Collected material Start Marker

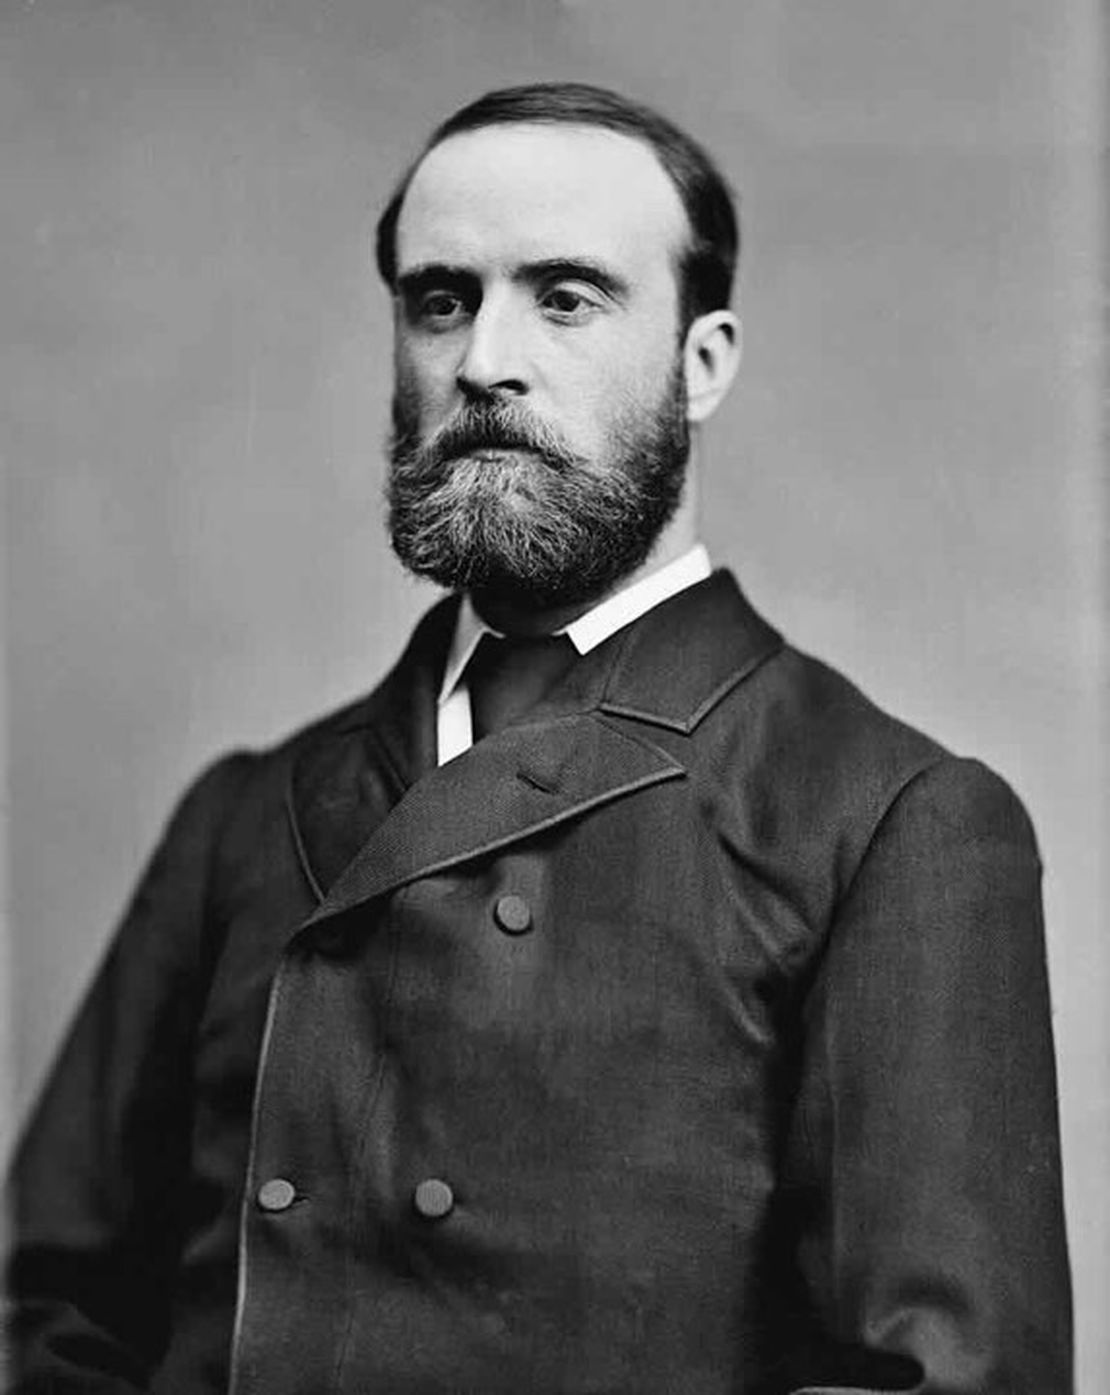 Charles S. Parnell addresses the U.S. Congress
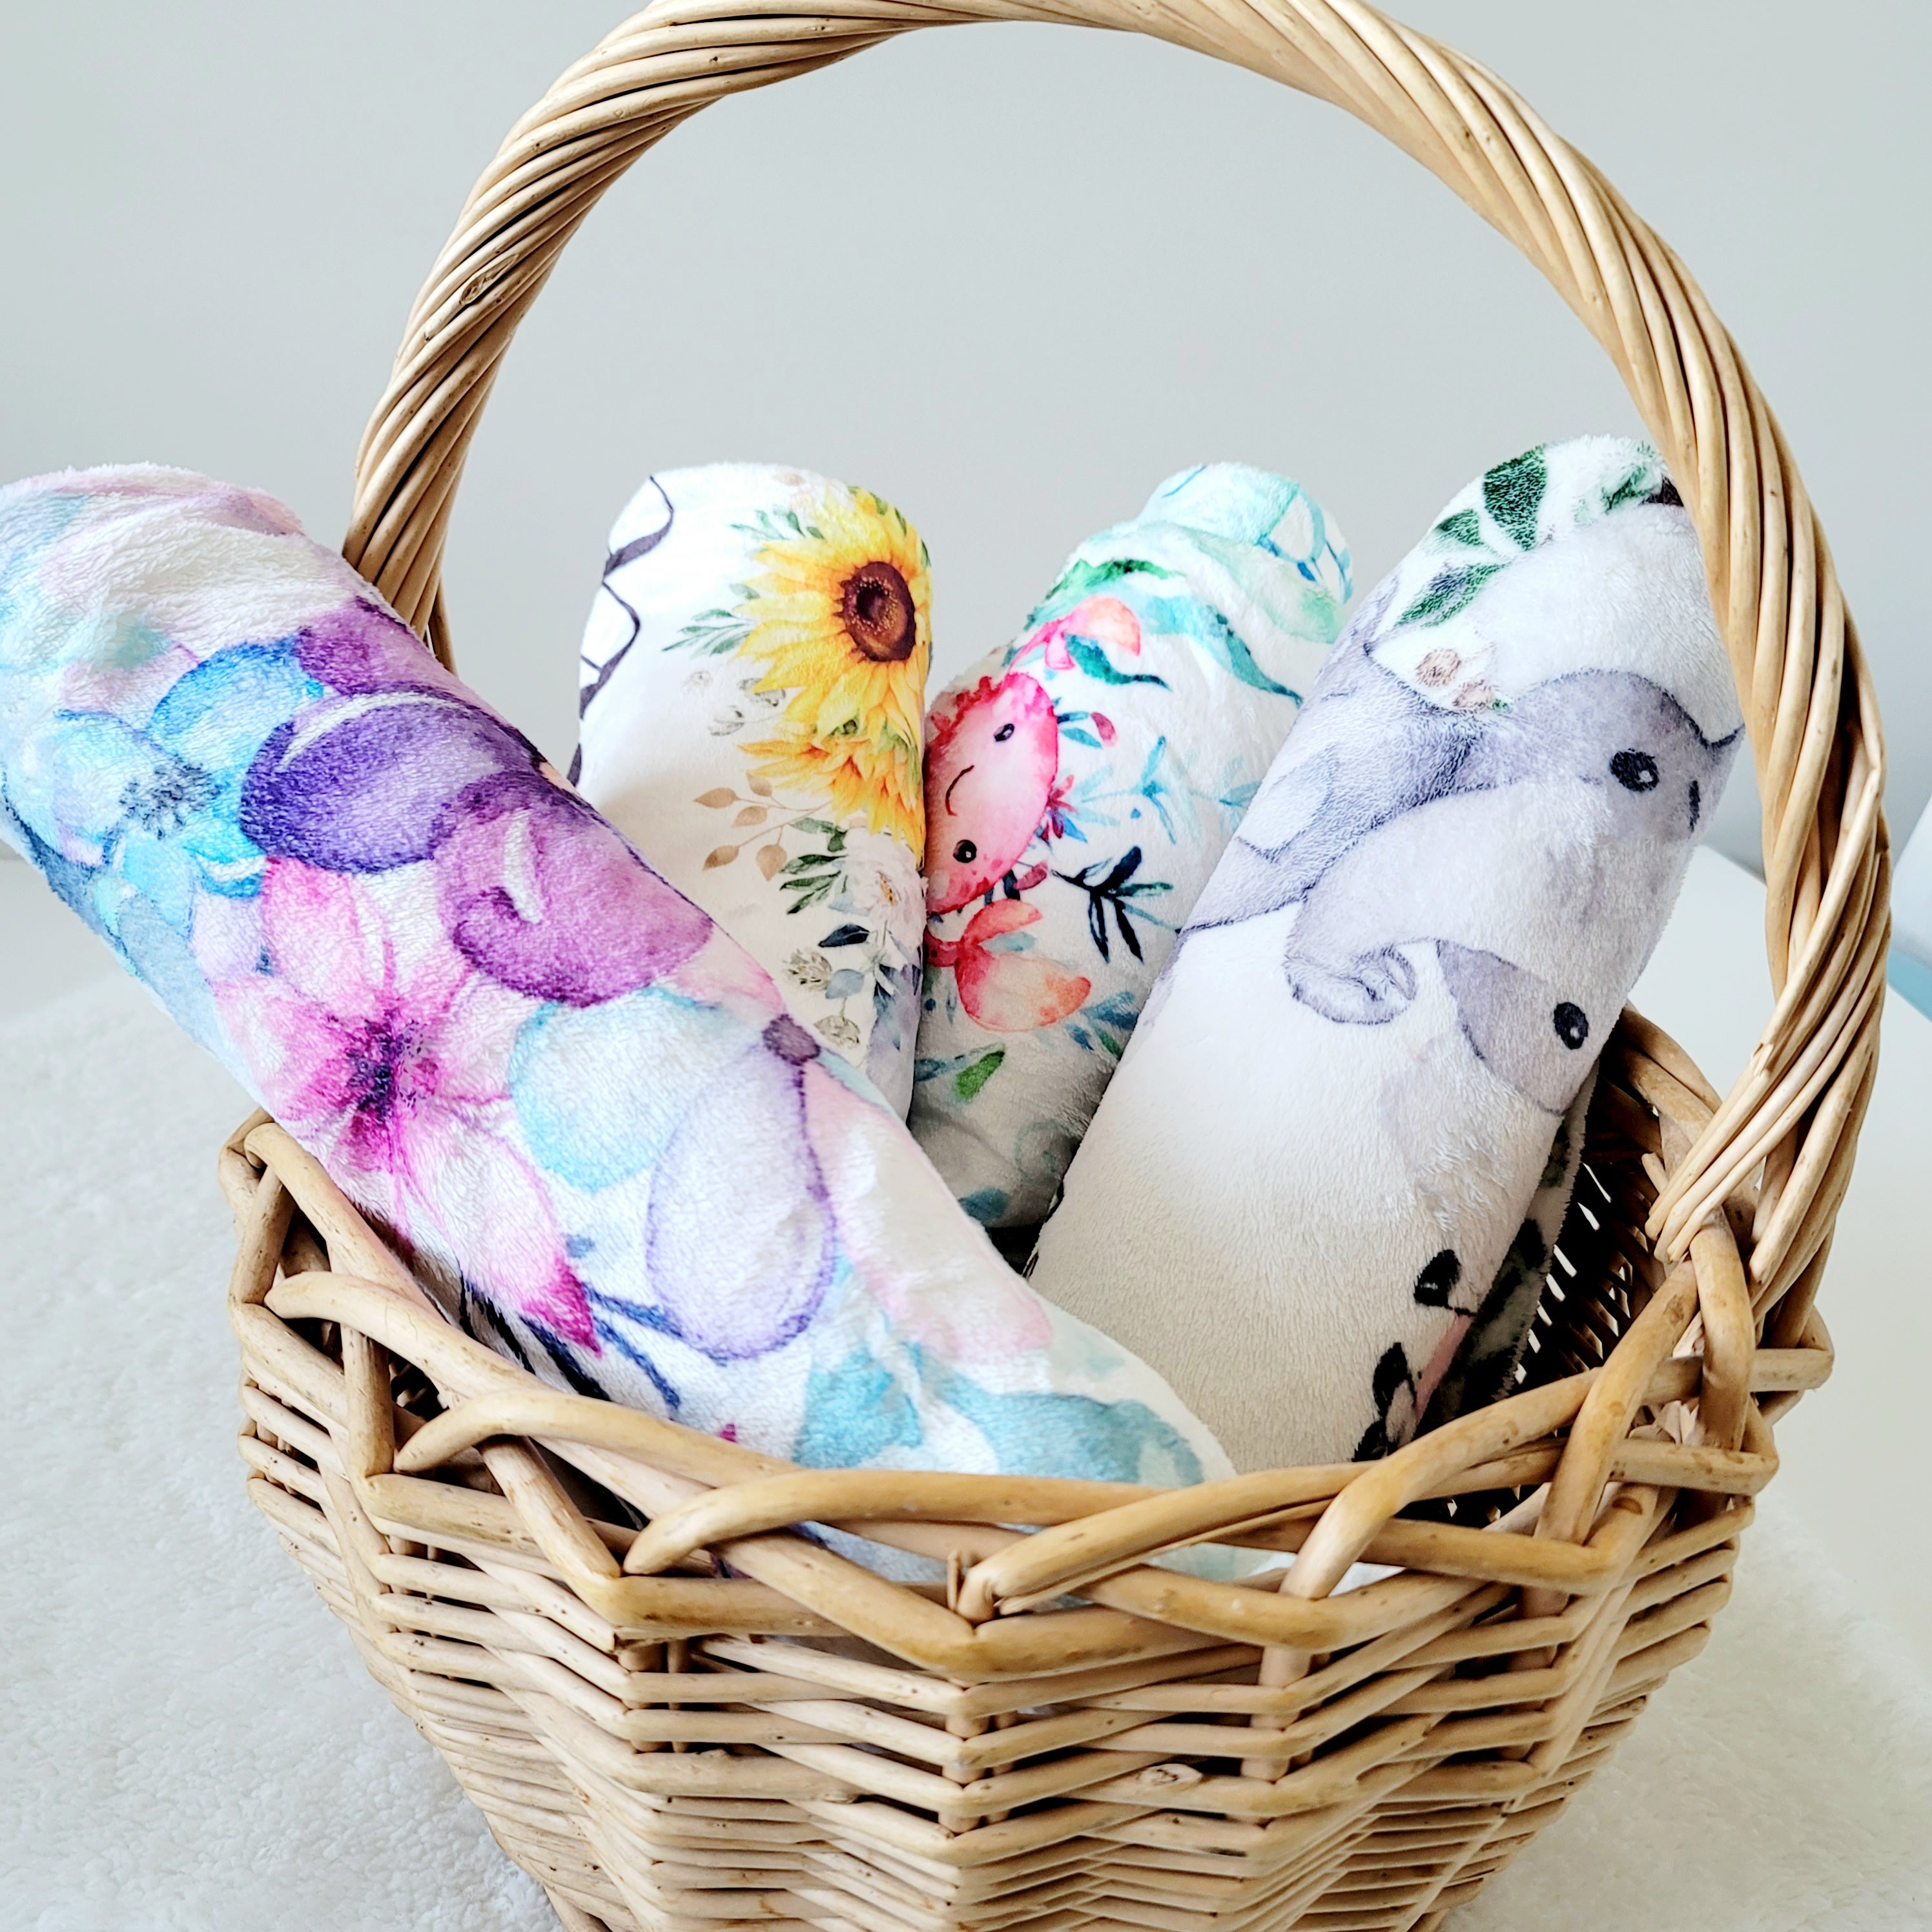 A group of four baby fleece blankets with cute designs made into rolls inside a wooden basket.
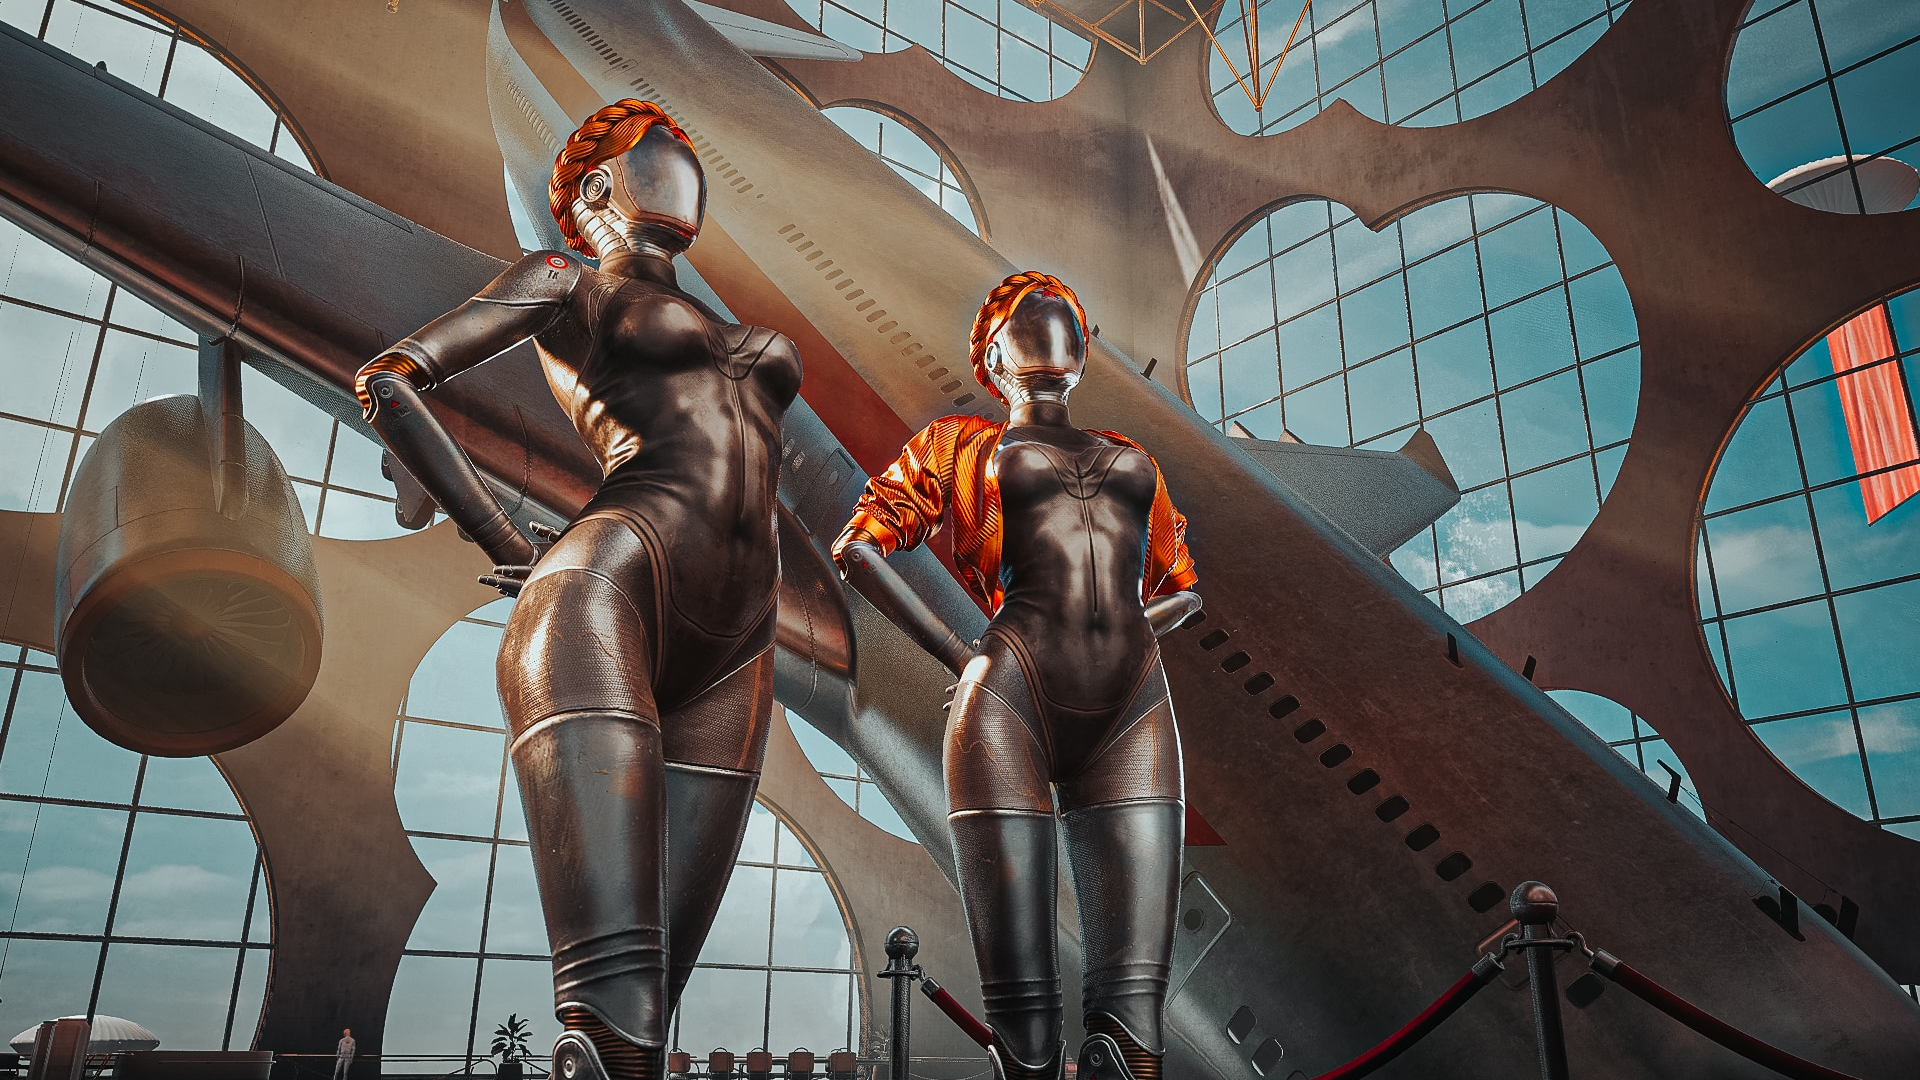 General 1920x1080 Atomic Heart video games video game characters robot cyborg The Twins (Atomic Heart) fictional character Mundfish standing video game art sunlight aircraft airplane faceless tight clothing
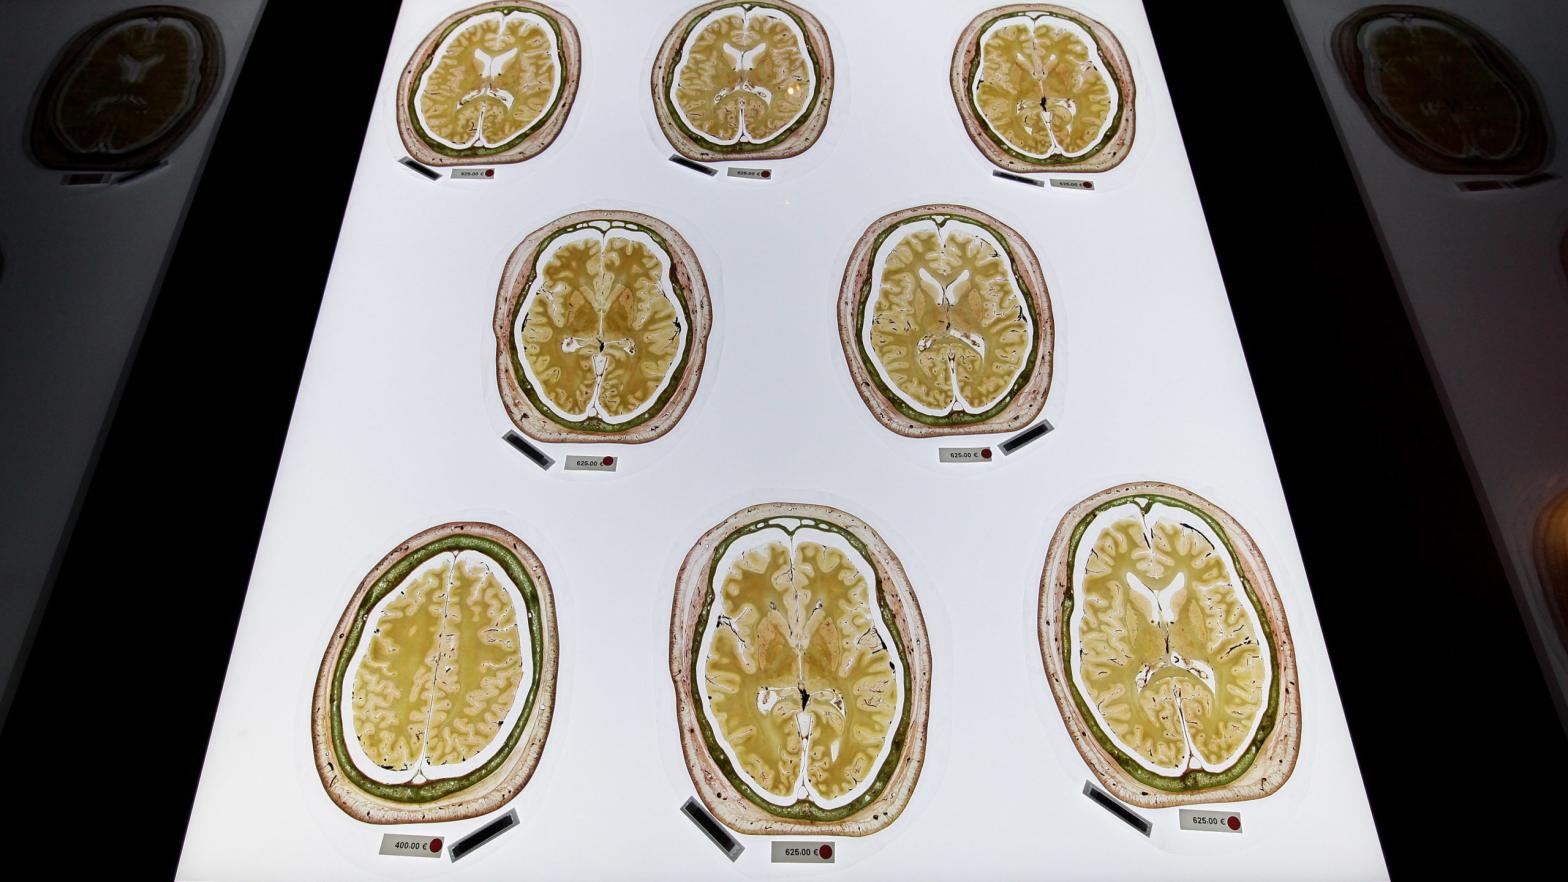 Plastinated slices of the human brain exhibited at the Plastinarium, a museum, teaching centre, and body preparations facility created by anatomist Gunther von Hagens, in Guben, Germany. (Photo: Sean Gallup, Getty Images)

Collected material End Marker

### Prompt
With the pictures removed, return the full listing exactly as given.

### Response to the task
 Charles S. Parnell addresses the U.S. Congress
 A group of four baby fleece blankets with cute designs made into rolls inside a wooden basket.
 General 1920x1080 Atomic Heart video games video game characters robot cyborg The Twins (Atomic Heart) fictional character Mundfish standing video game art sunlight aircraft airplane faceless tight clothing
 Plastinated slices of the human brain exhibited at the Plastinarium, a museum, teaching centre, and body preparations facility created by anatomist Gunther von Hagens, in Guben, Germany. (Photo: Sean Gallup, Getty Images)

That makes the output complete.